Synthetic biology has the potential to transform numerous aspects of our human existence, such as the manner in which we combat disease, cultivate food, and produce goods. However, the widespread use of engineered organisms in industrial and medical settings is hindered in part by i) the development of biological tools and parts in model organisms that are not guaranteed to function in application-relevant organisms, and ii) the lack of computational models to assess the robustness of genetic circuit designs and predict transcriptional changes due to the introduction of foreign DNA. Addressing these two challenges is made difficult due to the high-dimensional nature of gene regulatory networks. In this thesis, we address these challenges through a combination of large volumes of data and mathematically-principled approaches.
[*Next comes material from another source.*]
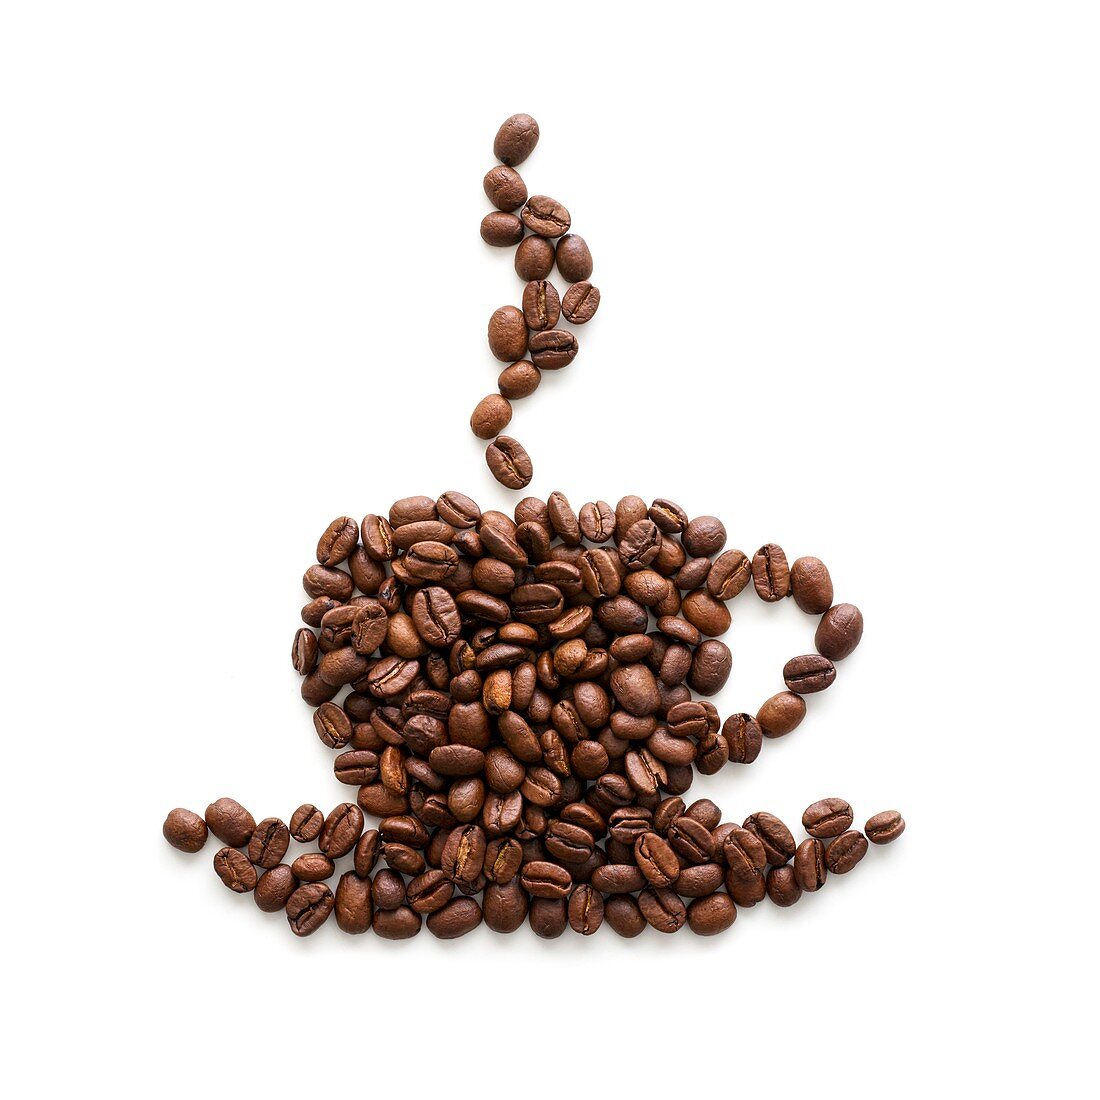 Coffee beans in cup shape

A major challenge in biotechnology and biomanufacturing is the identification of a set of biomarkers for perturbations and metabolites of interest. In Chapter 2, we develop a data-driven, transcriptome-wide approach to rank perturbation-inducible genes from time-series RNA sequencing data for the discovery of analyte-responsive promoters. This provides a set of biomarkers that act as a proxy for the transcriptional state referred to as cell state. We construct low-dimensional models of gene expression dynamics and rank genes by their ability to capture the perturbation-specific cell state using a novel observability analysis. Providing an optimal selection of reporters, observability analysis identified 15 candidate biosensors for a pesticide in a non-model organism, whose collective response is greater than the sum of its parts. The engineered host cell, a living malathion sensor, can be optimized for use in environmental diagnostics while the developed machine learning tool can be applied to discover perturbation-inducible gene expression systems in the compendium of host organisms.
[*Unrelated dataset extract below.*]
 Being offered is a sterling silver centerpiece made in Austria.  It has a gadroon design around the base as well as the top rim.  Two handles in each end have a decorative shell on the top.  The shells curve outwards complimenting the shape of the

While observability analysis provides optimal selection of reporters to construct biosensors from, the engineering of microbes to transcribe and translate foreign DNA that comprise the biosensors (or any other synthetic genetic circuit) results in an unintended influence on the host transcriptome the consequences of which can be fatal to the engineered cell. In Chapter 3, we develop structured dynamic mode decomposition (sDMD), comprising of compositional Koopman operators which model the induced transcriptional changes of the host transcriptome by exogenous genes. We consider an experimental example, using high-throughput RNA sequencing measurements collected from wild-type \textit{E. coli}, single gate components transformed in \textit{E. coli}, and a NAND circuit composed from individual gates in \textit{E. coli}, to explore how compositional Koopman models encode increasing circuit interference on the native \textit{E. coli} transcriptome. From this dataset, sDMD can both recover known regulatory biology through recapitulation of known sugar utilization hierarchies and predict new regulatory mechanisms induced by the transcription and translation of foreign DNA.
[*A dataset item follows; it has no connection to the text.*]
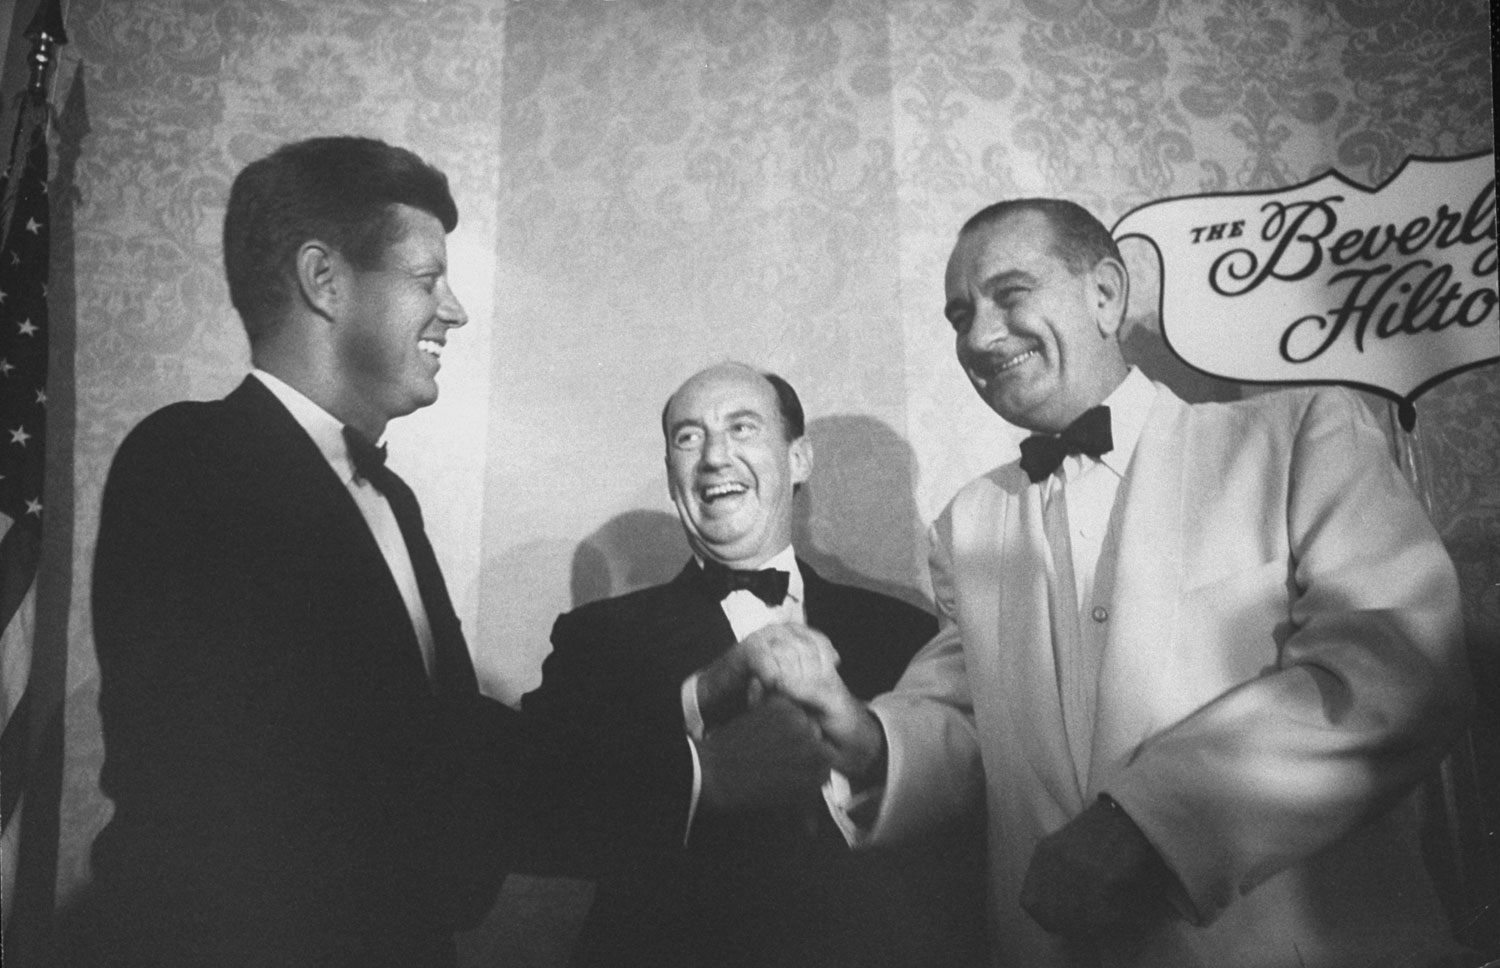 Adlai Stevenson (center) and Lyndon Johnson (right) congratulate John F. Kennedy on winning the party's presidential nomination at the 1960 Democratic National Convention in Los Angeles.

While useful for modeling circuit-host impact, dynamic mode decomposition has significant drawbacks, the most important being the reliance on uniformly sampled data in time, a feature rarely satisfied by high-throughput biological measurements. This results in subpar usage of transcriptional data for inference of circuit-host impact. In Chapter 4, we develop a deep learning approach to disentangle the factors causing the transcriptional changes on a gene-by-gene basis. The model architecture is inspired by a latent process model in which we treat the latent gene expression and latent perturbations as unobserved processes. We show that we are able to recover known regulatory biology as well as discover new regulatory mechanisms which lead to unintended consequences. Specifically, our circuit-host impact model infers that engineering microbes are more resistant to $\beta$-lactam antibiotics than their wild-type counterparts. This hypothesis is confirmed in gram-negative bacteria.